2.  Pentingnya  Tablig 
Salah  satu  sifat  wajib  bagi  rasul  adalah  tablig,  yakni  menyampaikan  wahyu  dari Allah  Swt. kepada  umatnya.  Semasa  Nabi  Muhammad  saw.  masih  hidup,  seluruh waktunya  dihabiskan  untuk  menyampaikan  wahyu kepada  umatnya.  Setelah Rasulullah  saw. wafat,  kebiasaan  ini dilanjutkan  oleh  para sahabatnya,  para tabi’in (pengikutnya sahabat), dan tabi’it-tabi’in (pengikut pengikutnya sahabat). Setelah  mereka  semuanya  tiada, siapakah  yang akan meneruskan  kebiasaan menyampaikan  ajaran  Islam  kepada  orang-orang  sesudahnya?  Kita  sebagai  siswa muslim punya tanggung jawab untuk meneruskan kebiasaan bertabligh tersebut.
Banyak  yang  menyangka  bahwa tugas  tablig  hanyalah  tugas  alim ulama saja. Hal itu tidak benar. Setiap orang  yang  mengetahui  kemungkaran yang terjadi  di hadapannya,  ia wajib mencegahnya  atau menghentikannya, baik dengan tangannya (kekuasaanya), mulutnya (nasihat), atau dengan hatinya (bahwa ia tidak ikut dalam kemungkaran tersebut). 
Seseorang tidak mesti menjadi ulama terlebih dulu. Siapa pun yang melihat  kemungkaran terjadi di depan matanya, dan ia  mampu  menghentikannya,  ia  wajib  menghentikannya.  Bagi  yang mengerti suatu permasalahan agama, ia mesti menyampaikannya  kepada yang lain, siapa pun mereka.

3.  Pentingnya Dakwah
Salah satu kewajiban umat Islam adalah berdakwah. Sebagian ulama ada  yang menyebut  berdakwah itu hukumnya  farḍu  kifayah  (kewajiban kolektif), sebagian lainnya menyatakan farḍu  ain. Meski begitu,  Rasulullah saw. tetap  selalu  mengajarkan agar seorang muslim  selalu  menyeru pada jalan  kebaikan  dengan  cara-cara  yang baik. 
Setiap dakwah hendaknya bertujuan untuk mewujudkan kebahagiaan  dan kesejahteraan  hidup di dunia dan di akhirat dan mendapat  riḍa  dari  Allah Swt. Nabi Muhammad  saw. mencontohkan  dakwah kepada  umatnya  dengan  berbagai cara melalui lisan, tulisan dan perbuatan. 
Rasulullah saw. memulai  dakwahnya kepada istri, keluarga, dan temanteman karibnya  hingga raja-raja yang berkuasa pada saat itu. Di antara raja-raja yang mendapat surat atau risalah Rasulullah saw. adalah  Kaisar Heraklius dari Byzantium,  Mukaukis dari Mesir, Kisra dari Persia (Iran), dan Raja  Najasyi dari Habasyah (Ethiopia).  Ada beberapa metode dakwah yang bisa dilakukan seorang muslim menurut syariat. 

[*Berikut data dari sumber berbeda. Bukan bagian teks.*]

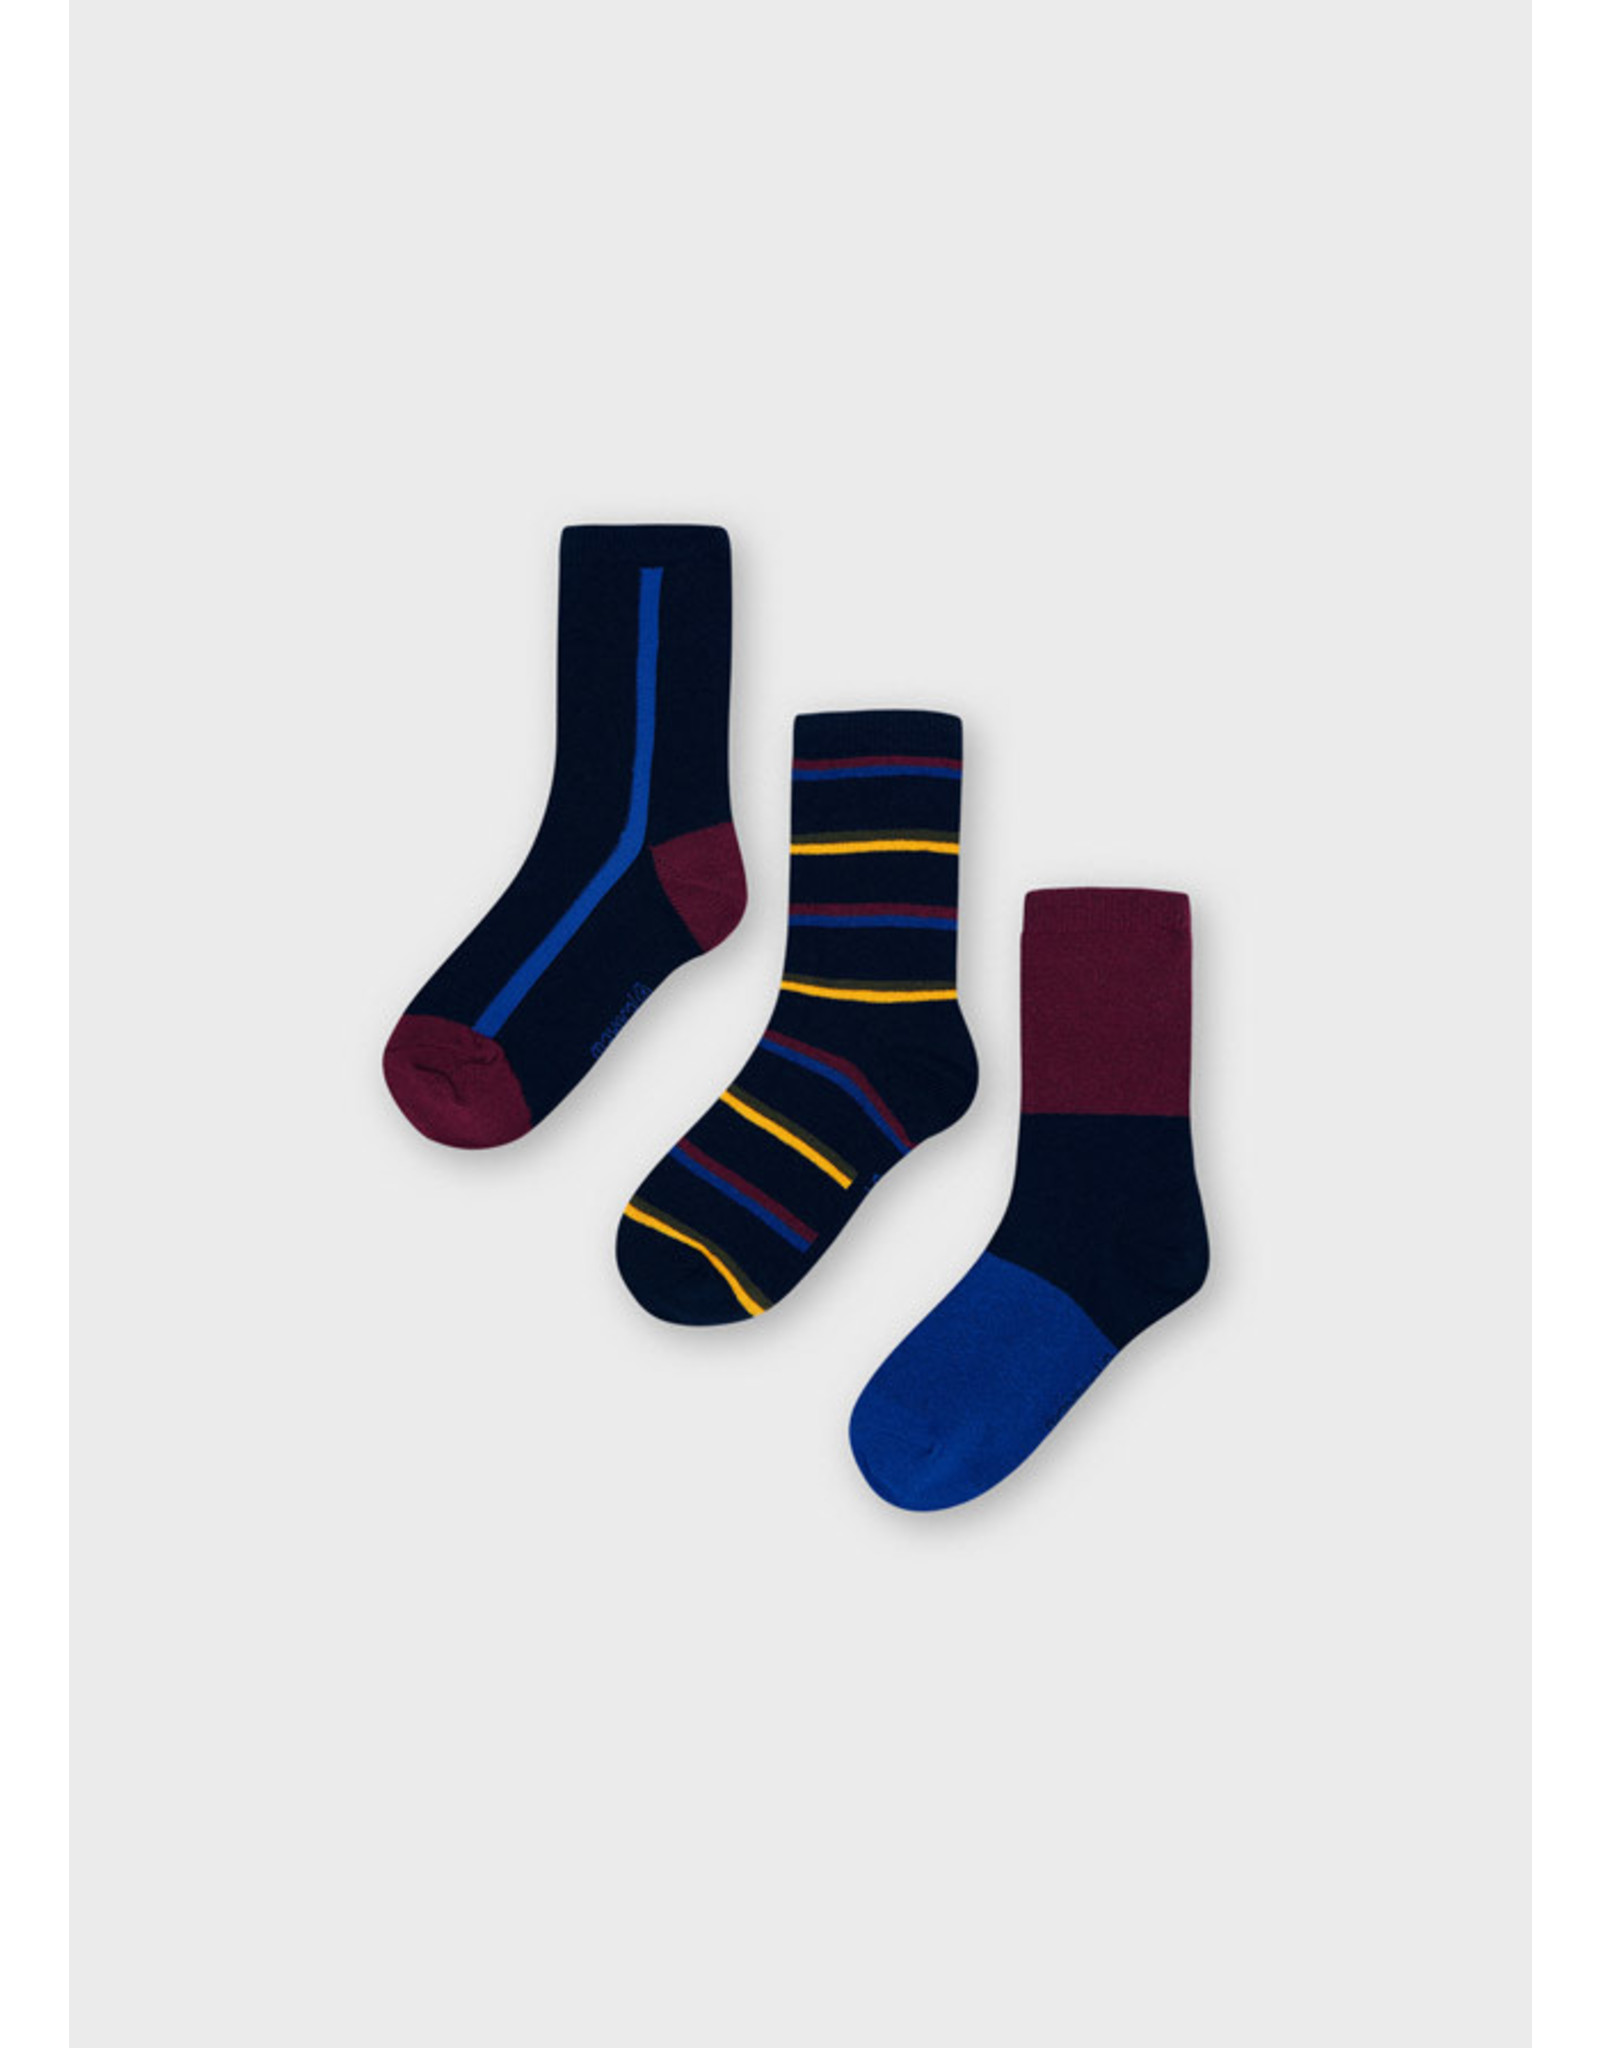 Mayoral Maroon Striped Socks Set (2 pairs)

C.  Ketentuan Khutbah,  Tablig, dan Dakwah 

1.  Ketentuan Khutbah 

a.  Syarat khatib 
1)  Islam 
2)  Ballig 
3)  Berakal sehat 
4)  Mengetahui  ilmu agama 

b.  Syarat dua khutbah 
1)  Khutbah dilaksanakan sesudah masuk waktu dhuhur 
2)  Khatib duduk di antara dua khutbah
3)  Khutbah diucapkan dengan suara yang keras dan jelas
4)  Tertib 

c.  Rukun khutbah 
1)  Membaca hamdallah 
2)  Membaca syahadatain 
3)  Membaca shalawat 
4)  Berwasiat taqwa 
5)  Membaca ayat  al-Qur’ān  pada salah satu khutbah  
6)  Berdoa pada khutbah kedua 

d.  Sunah khutbah 
1)  Khatib berdiri ketika khutbah 
2)  Mengawali  khutbah dengan memberi salam 
3)  Khutbah hendaknya jelas,  mudah dipahami, tidak terlalu panjang 
4)  Khatib menghadap jamaah  ketika khutbah 
5)  Menertibkan rukun khutbah
6)  Membaca surat  al-Ikhlās  ketika duduk di antara dua khutbah 

Keterangan: 
a.  Pada prinsipnya ketentuan  dan tata  cara khutbah, baik  ṡalat  Jumat, Idul Fitri,  Idul Adha,  ṡalat  khusuf, dan  ṡalat  khusuf  sama. Perbedaannya terletak pada  waktu  pelaksanaannya,  yaitu  dilaksanakan  setelah  ṡalat  dan  diawali dengan takbir.
b.  Khutbah wukuf adalah  khutbah yang dilaksanakan  pada saat wukuf di Arafah. Khutbah wukuf salah satu rukun wukuf setelah melaksanakan  ṡalat zuhur dan ashar di-qaṡar. Khutbah wukuf hampir  sama dengan  khutbah Jumat. Perbedaannya  terletak  pada waktu pelaksanaan,  yakni dilaksanakan ketika wukuf di  Arafah. 

2.  Ketentuan  Tablig 

a.  Syarat  muballig
1)  Islam, 
2)  Ballig, 
3)  Berakal, 
4)  Mendalami  ajaran Islam. 

b.  Etika dalam menyampaikan  tabligh 
1)    Bersikap lemah lembut, tidak kasar, dan tidak merusak. 
2)  Menggunakan bahasa yang mudah dimengerti. 
3)  Mengutamakan musyawarah dan berdiskusi untuk memperoleh kesepakatan bersama.
4)    Materi  dakwah yang disampaikan harus mempunyai  dasar hukum yang kuat dan jelas sumbernya. 
5)    Menyampaikan dengan ikhlas dan sabar, sesuai dengan kondisi, psikologis dan sosiologis para pendengarnya atau penerimanya. 
6)  Tidak menghasut orang lain untuk bermusuhan, merusak, berselisih, dan mencari-cari kesalahan orang lain. 

3.  Ketentuan Dakwah

Orang yang melaksanakan  dakwah disebut da’i. Ada  dua  cara  berdakwah,  yaitu  dengan  lisan  (da’wah  billisān)  dan  dengan perbuatan (da’wah  bilhāl).

a. Syarat da’i 
1)  Islam, 
2)  Ballig, 
3)  Berakal, 
4)  Mendalami  ajaran Islam.

b.  Etika dalam berdakwah
1)  Dakwah dilaksanakan dengan hikmah, yaitu ucapan yang jelas, tegas dan sikap yang bijaksana. 
2)  Dakwah dilakukan  dengan  mauiẓatul  hasanah  atau  nasihat  yang  baik, yaitu  cara  persuasif (tanpa  kekerasan)  dan  edukatif  (memberikan pengajaran).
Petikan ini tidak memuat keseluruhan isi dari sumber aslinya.